* _Source material_
-- Opening Marker --

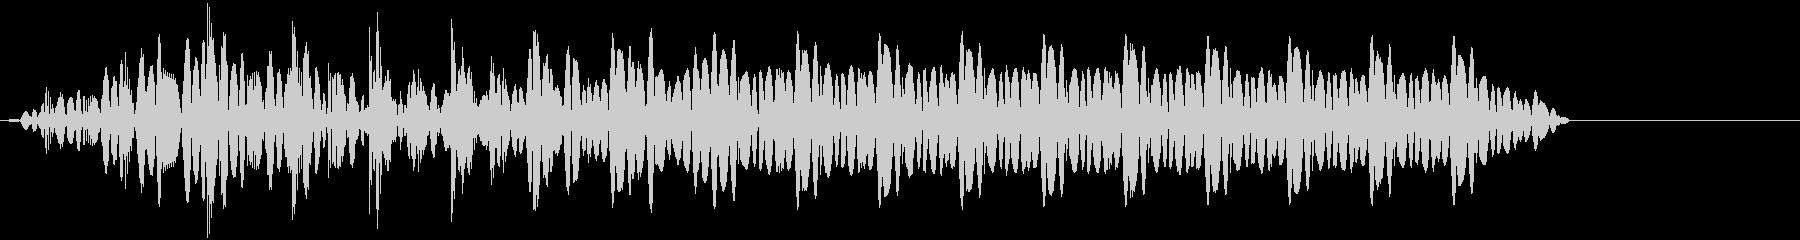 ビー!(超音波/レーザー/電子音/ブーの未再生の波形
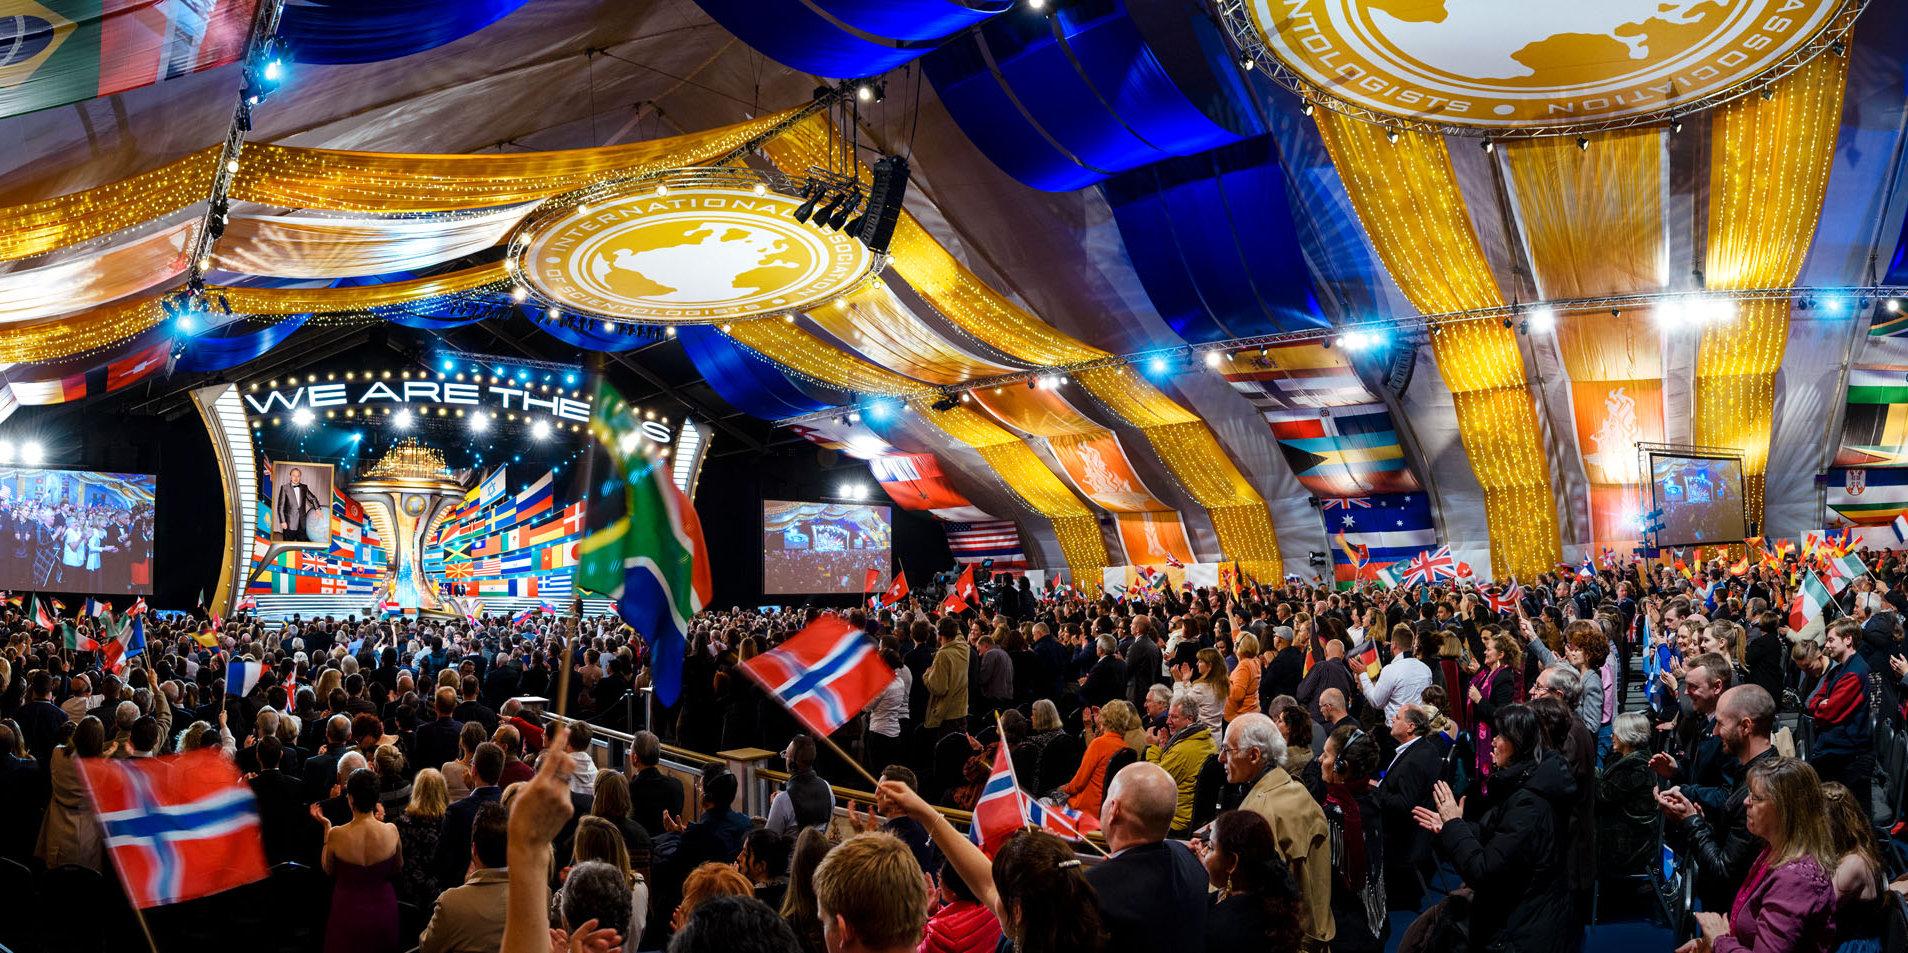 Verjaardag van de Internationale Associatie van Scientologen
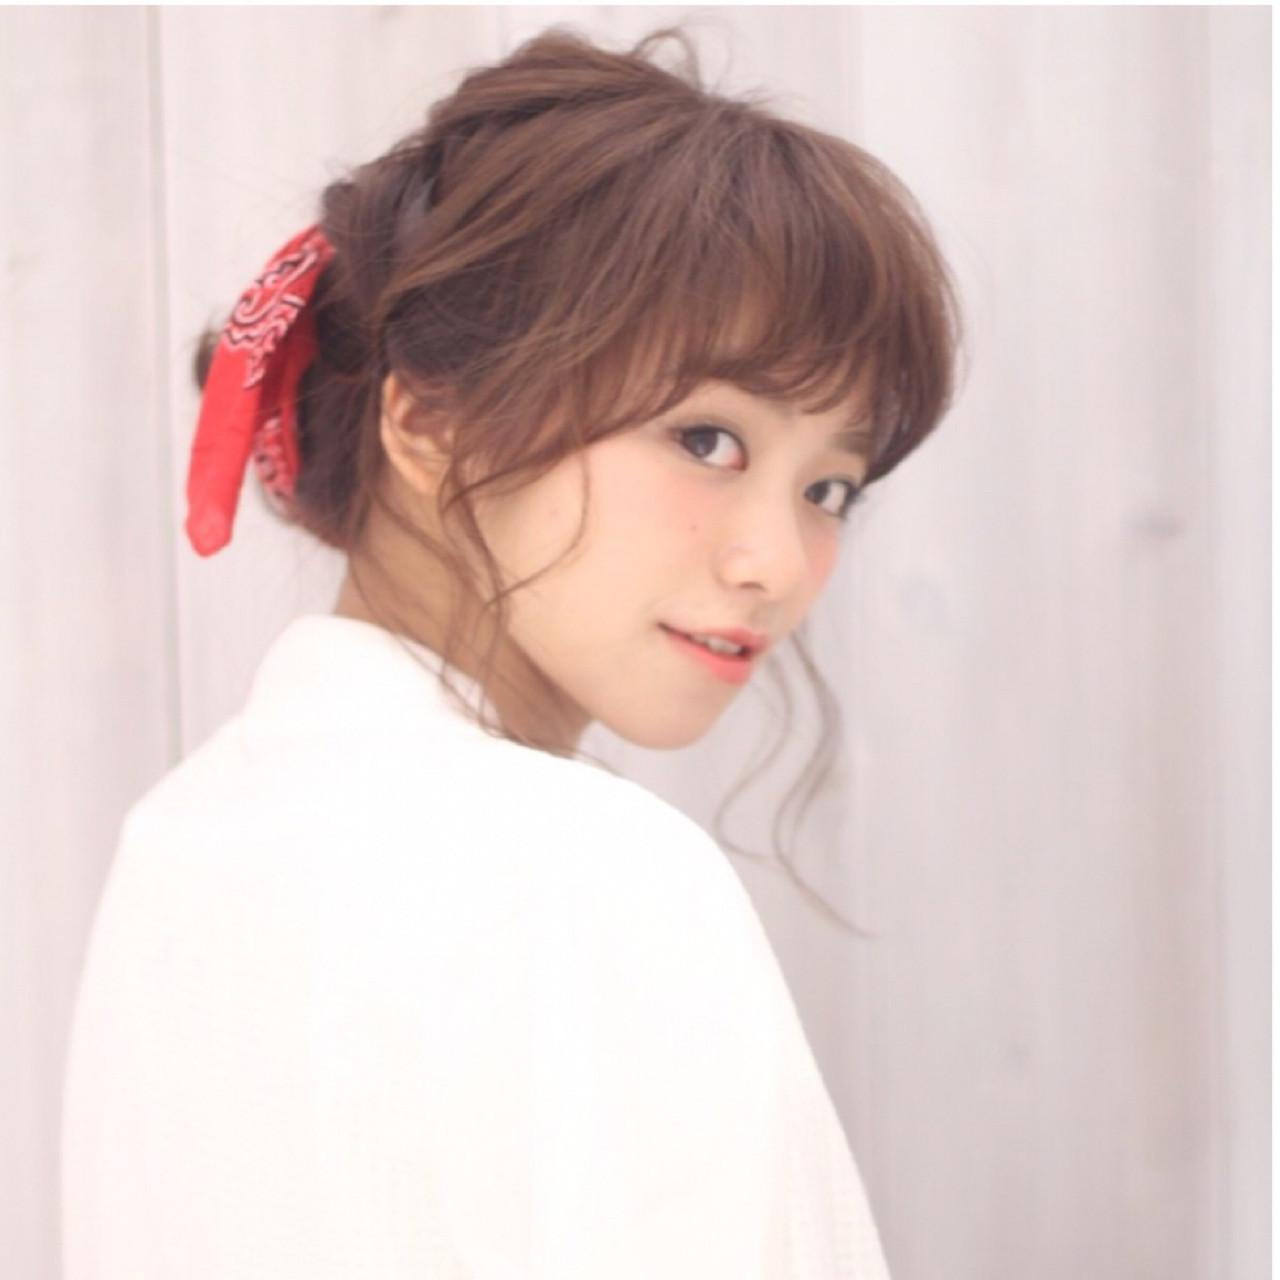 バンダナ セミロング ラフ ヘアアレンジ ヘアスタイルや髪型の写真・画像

-- Closing Marker --

Nothing but an exact copy of the data, without its images, should make up your answer.

* _Exercise solution_
 ビー!(超音波/レーザー/電子音/ブーの未再生の波形
 Verjaardag van de Internationale Associatie van Scientologen
 バンダナ セミロング ラフ ヘアアレンジ ヘアスタイルや髪型の写真・画像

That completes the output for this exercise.